Modified: doc/trunk/dejector/dejector.tex
===================================================================
--- doc/trunk/dejector/dejector.tex	2007-03-25 13:44:40 UTC (rev 1767)
+++ doc/trunk/dejector/dejector.tex	2007-03-26 06:59:59 UTC (rev 1768)
@@ -52,22 +52,22 @@
 
 Input validation has long been recognized as an essential part of a well-designed system, especially when considering defense against an external adversary, yet existing literature gives little in the way of formal axioms for input validation or guidance on putting into practice what few recommendations exist~\cite{FIXME}. 
 
-In the domain of network security, the problem of input validation is often avoided by maintaining strict control over the network's perimeter or sensitive systems, and restricting input from untrusted users. However, in cases where a service exists to provide content to untrusted users in response to their requests, this type of protection is infeasible. Such is the case with many dynamically-generated websites or databanks that allow untrusted users to submit SQL queries to a database. We examine existing solutions to a common network threat, the \emph{SQL injection attack}, and agree with existing literature~\cite{FIXME} that input validation is critical in addressing this attack.
+In the domain of network security, the problem of input validation is often avoided by maintaining strict control over the network's perimeter or sensitive systems, and restricting input from untrusted users. However, in cases where a service exists to provide content to untrusted users in response to their requests, this type of protection is infeasible. Such is the case with many dynamically-generated websites or databanks that allow untrusted users to submit \textsc{sql} queries to a database. We examine existing solutions to a common network threat, the \emph{\textsc{sql} injection attack}, and agree with existing literature~\cite{FIXME} that input validation is critical in addressing this attack.
 
-We then present basic formal axioms for input validation, and apply them to SQL, where we demonstrate enhanced resistance to injection attacks against databases using our input validation library.

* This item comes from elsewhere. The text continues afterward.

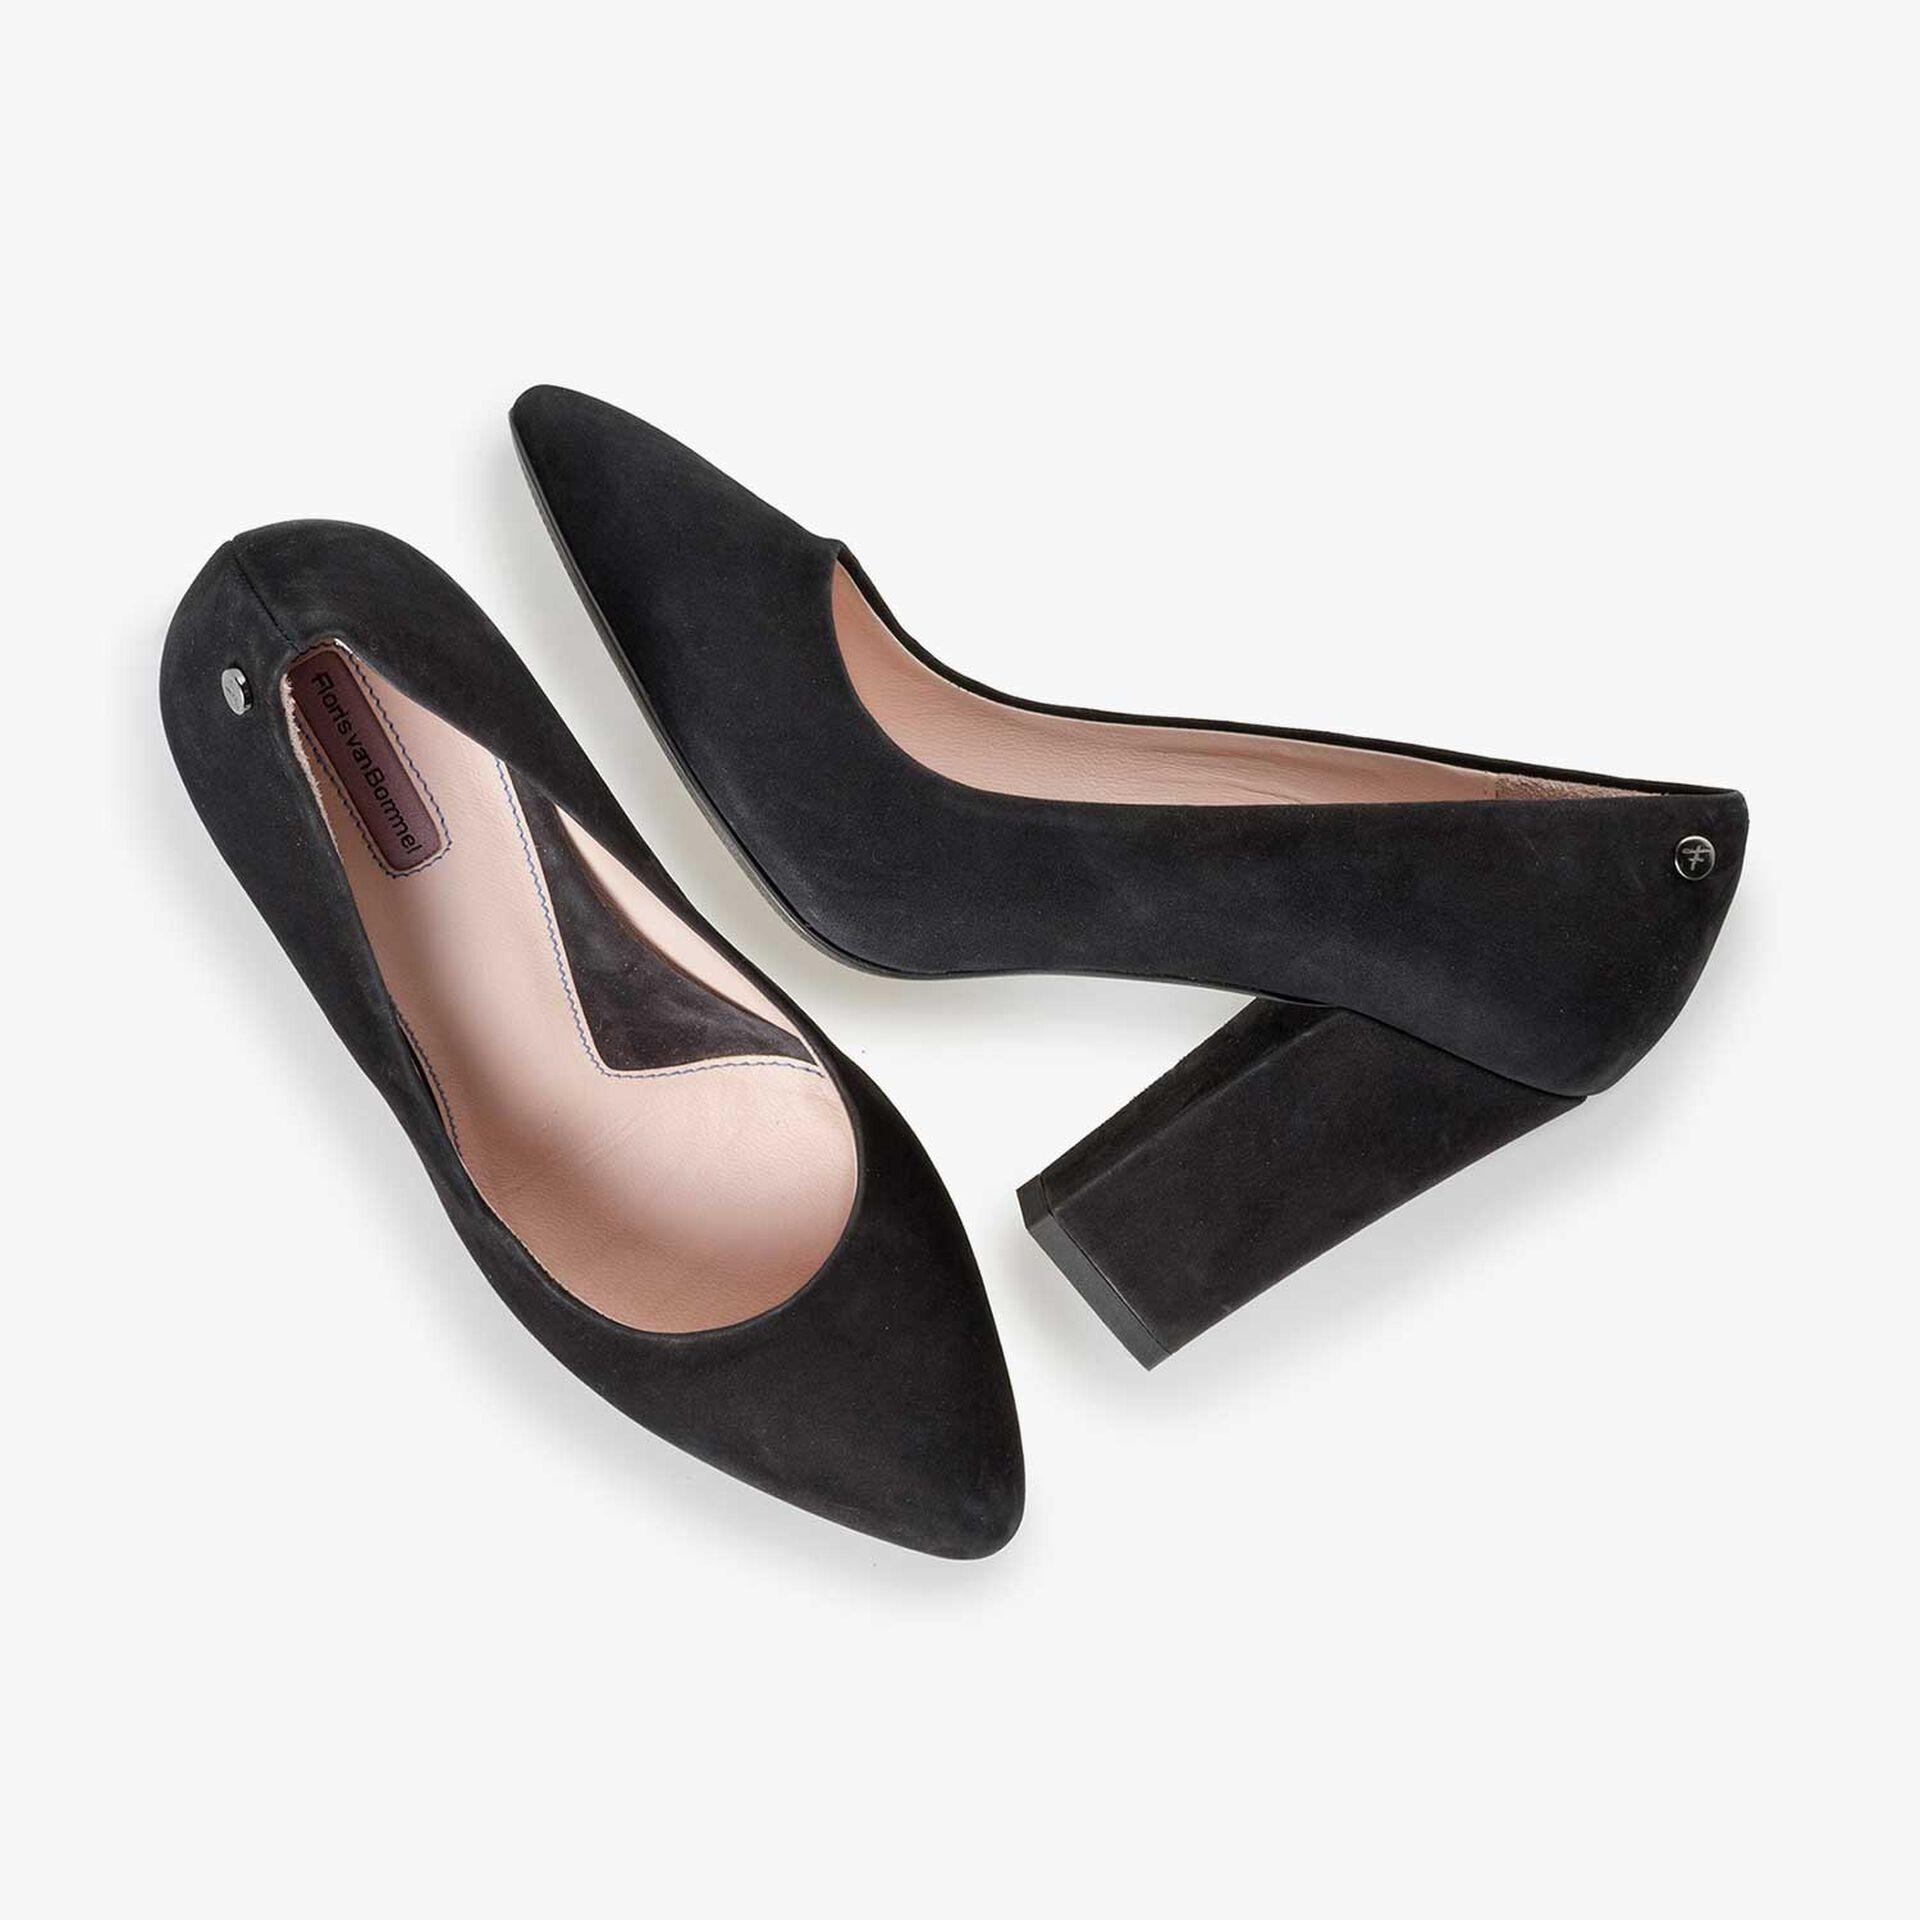 Black nubuck leather high heels

+We then present basic formal axioms for input validation, and apply them to \textsc{sql}, where we demonstrate enhanced resistance to injection attacks against databases using our input validation library.
 
 \end{abstract}
 
 
 \section{Introduction}
  
-SQL injection attacks have been a leading method of network compromise since their discovery in XXXX~\cite{}. Blah blah blah. Numerous methods have been proposed and deployed to hinder or inhibit injection attacks on SQL, to varying success. In this paper, we review the techniques both proposed in the literature, and deployed in the field. There is agreement in the literature that strong input validation is the proper approach to solving injection attacks in general.~\cite{FIXME}. However, the literature is lacking both in a set of formal axioms for input validation, as well as guidance for the implementors of systems concerned with input validation. We present such a framework in Section \ref{framework}, say something else in Section \ref{}, and show our approach as applied to SQL in Section \ref{}. In Section \ref{dejector}, we discuss {\tt Libdejector}, our approach as implemented as a PostgreSQL~\cite{} library.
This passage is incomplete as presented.